Abstract
AIMS
To compare tissue concentrations of diclofenac resulting from topical and oral applications of diclofenac according to clinically recommended prescriptions.
METHODS
Diclofenac sodium was applied to 14 subjects (four male and 10 female), who were scheduled to undergo knee arthroplasty due to osteoarthritis, according to the oral or topical prescription (a capsule containing 37.5 mg diclofenac sodium or two tapes containing a total of 30 mg diclofenac sodium). At 12 h after prescription, the diclofenac concentration in the fat, muscle and synovial tissues was measured with liquid chromatography and mass analysis.
RESULTS
The diclofenac concentration in the muscle was significantly higher (P = 0.0196) after topical application (average 9.29 ng ml−1) than after oral application (0.66 ng ml−1), whereas there was no significant difference in the plasma diclofenac level (4.70 and 6.63 ng ml−1) between the two applications. The concentration in the synovial membrane was significantly (P = 0.0181) lower in the topical application (4.99 ng ml−1) than in the oral application (15.07 ng ml−1).
CONCLUSIONS
Whereas plasma levels resulting from topical and oral applications of diclofenac according to clinically recommended prescriptions were comparable, concentration levels in the muscle and synovial tissues were different.

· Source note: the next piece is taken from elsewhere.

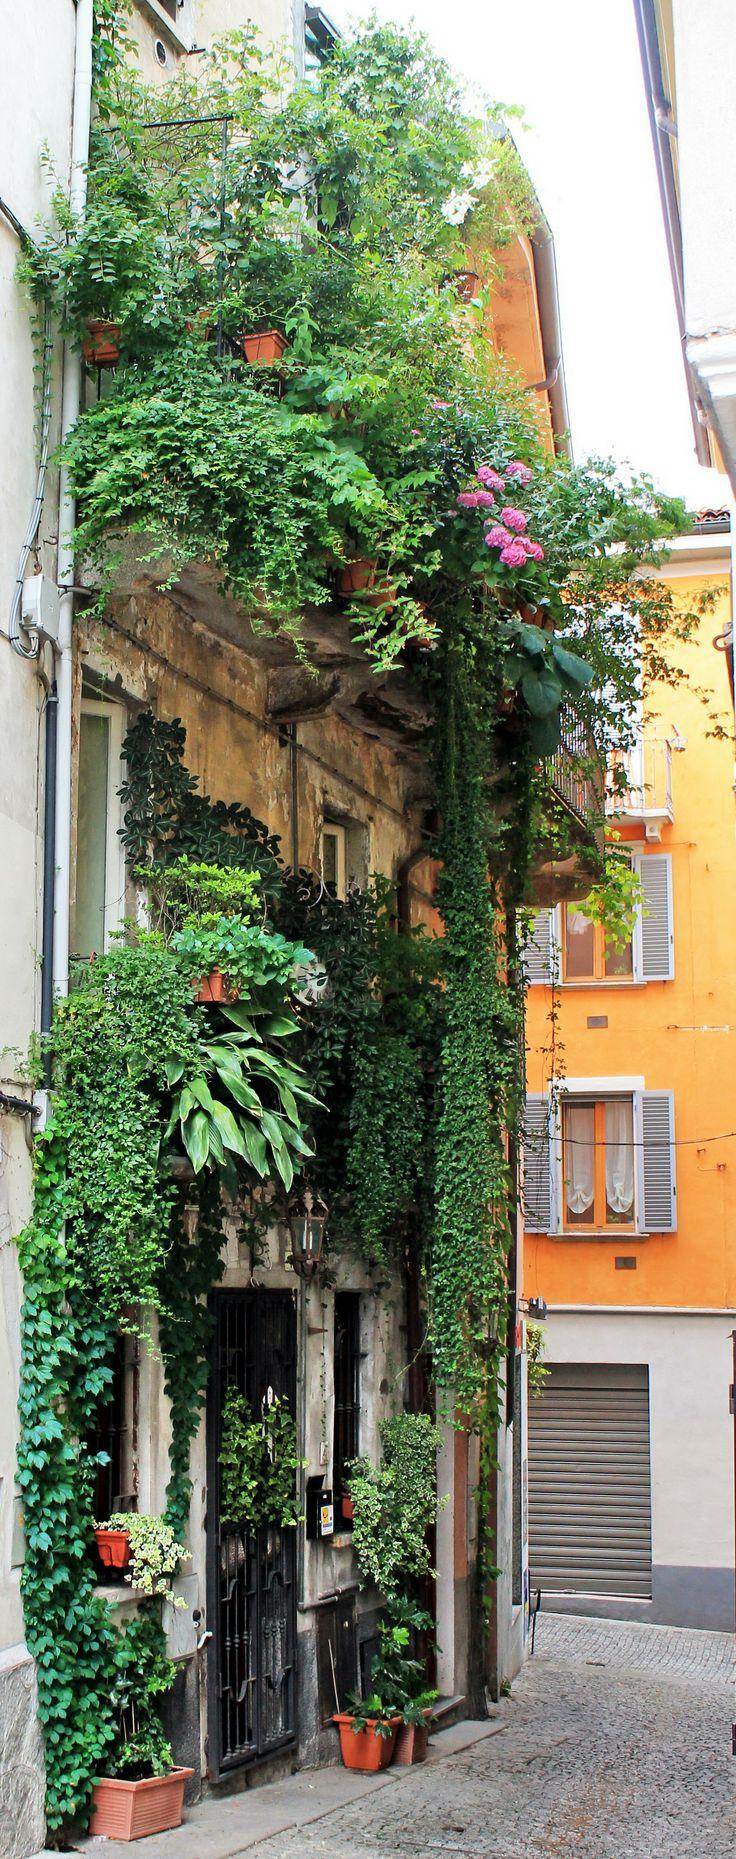 Verbiana (Piemonte) - Italy - by Guido Tosatto

Keywords: diclofenac sodium, plasma concentration, tissue concentration, topical application
WHAT IS ALREADY KNOWN ABOUT THIS SUBJECT
Efficacy of oral administration of nonsteroidal anti-inflammatory drugs (NSAIDs) on the synovial and muscle tissues has been established.
However, efficacy of percutaneous administration of NSAIDs has not sufficiently been established because of lack of scientific data.
WHAT THIS STUDY ADDS
The diclofenac concentration in the muscle and fat at 12 h after topical application with a pair of tapes containing a total of 30 mg diclofenac sodium was significantly higher than that after oral application of a capsule containing 37.5 mg diclofenac sodium, whereas there was no significant difference in the plasma diclofenac level between the two applications.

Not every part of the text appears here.